Central Diffraction at ALICE

TL;DR

The ALICE experiment is well-equipped to study exclusive central diffractive reactions, enabling detailed QCD research and searches for exotic mesons, with effective detection systems for rapidity gaps and central systems.

Contribution

This paper demonstrates ALICE's suitability for central diffraction studies and evaluates its detector systems for identifying rapidity gaps and central systems in such reactions.

Findings

ALICE can accurately measure low-mass central systems with high purity.

The Forward Multiplicity Detector and Forward Shower Counter effectively detect rapidity gaps.

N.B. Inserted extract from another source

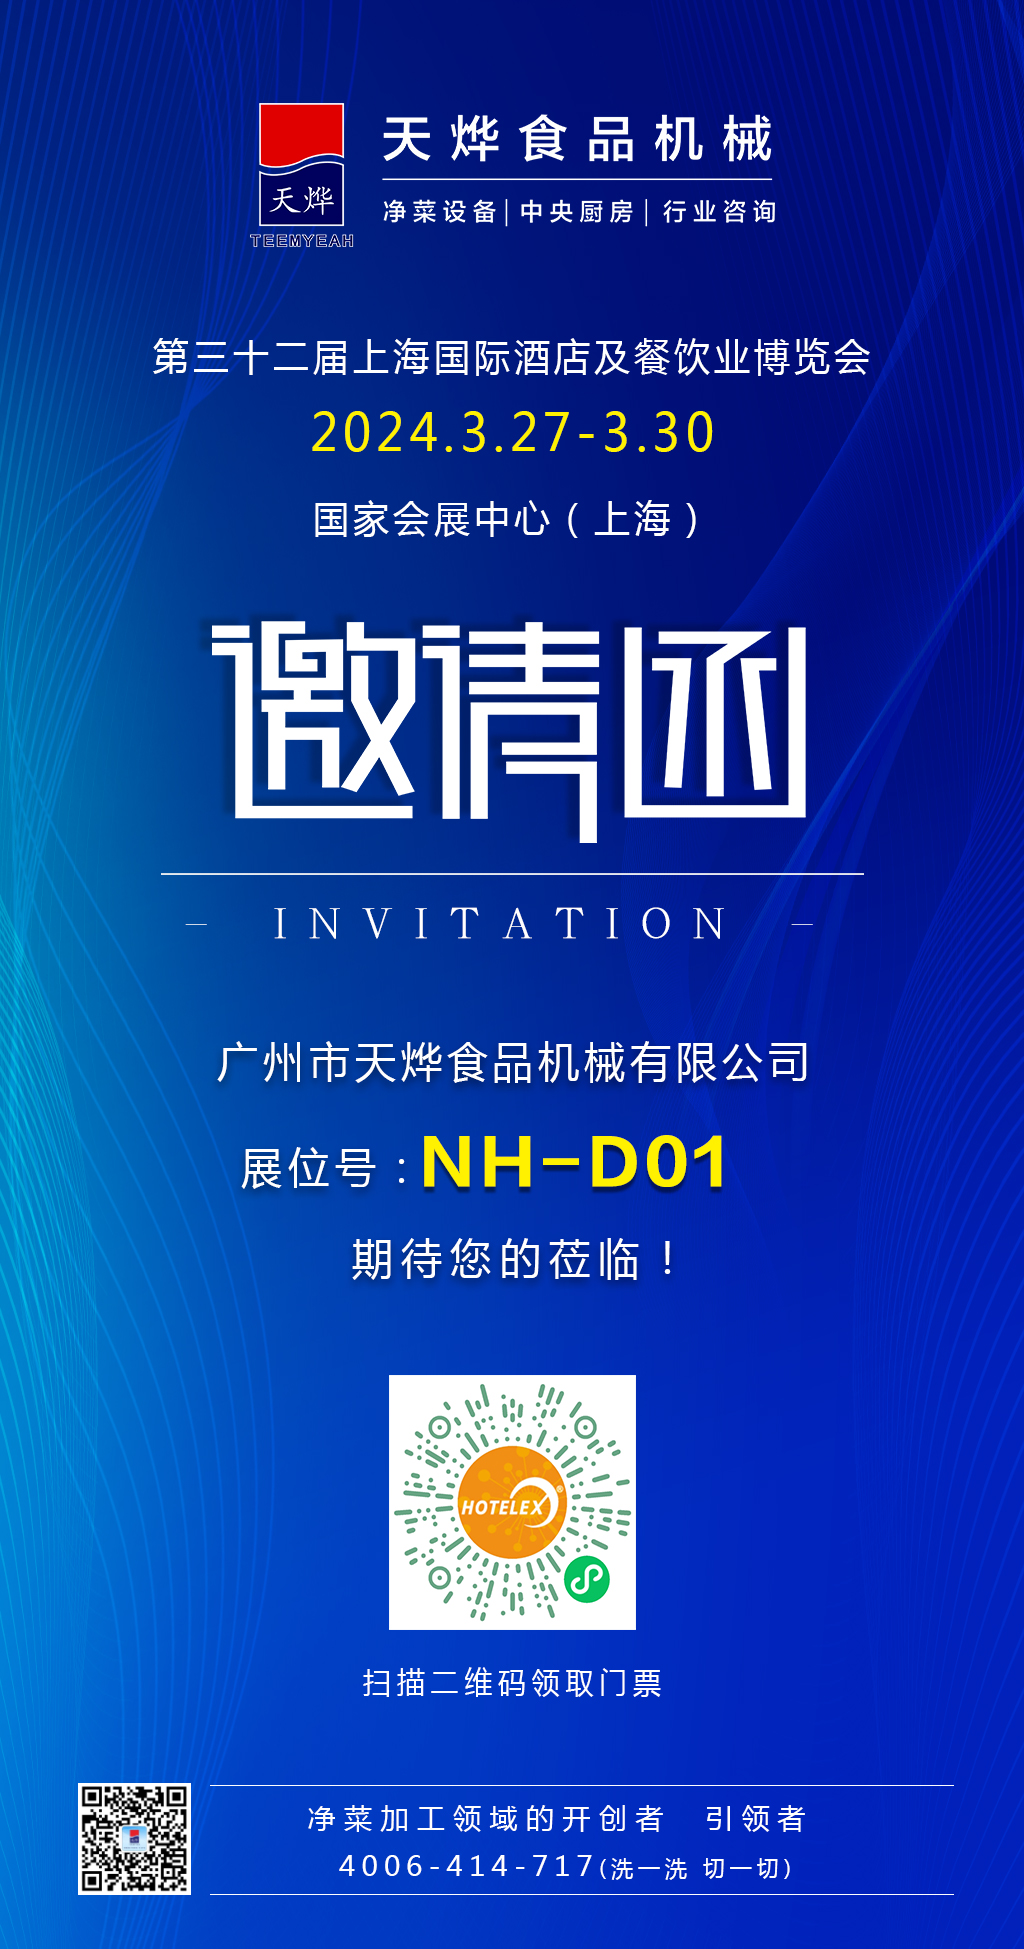 【展会预告】3月27-3月31日，上海&武汉 双城展览，期待与您相约！

ALICE's detector setup enables valuable new data collection on central diffractive processes.

Abstract

The ALICE experiment is shown to be well suited for studies of exclusive final states from central diffractive reactions. The gluon-rich environment of the central system allows detailed QCD studies and searches for exotic meson states, such as glueballs, hybrids and new charmonium-like states. It would also provide a good testing ground for detailed studies of heavy quarkonia. Due to its central barrel performance, ALICE can accurately measure the low-mass central systems with good purity. The efficiency of the Forward Multiplicity Detector (FMD) and the Forward Shower Counter (FSC) system for detecting rapidity gaps is shown to be adequate for the proposed studies. With this detector arrangement, valuable new data can be obtained by tagging central diffractive processes.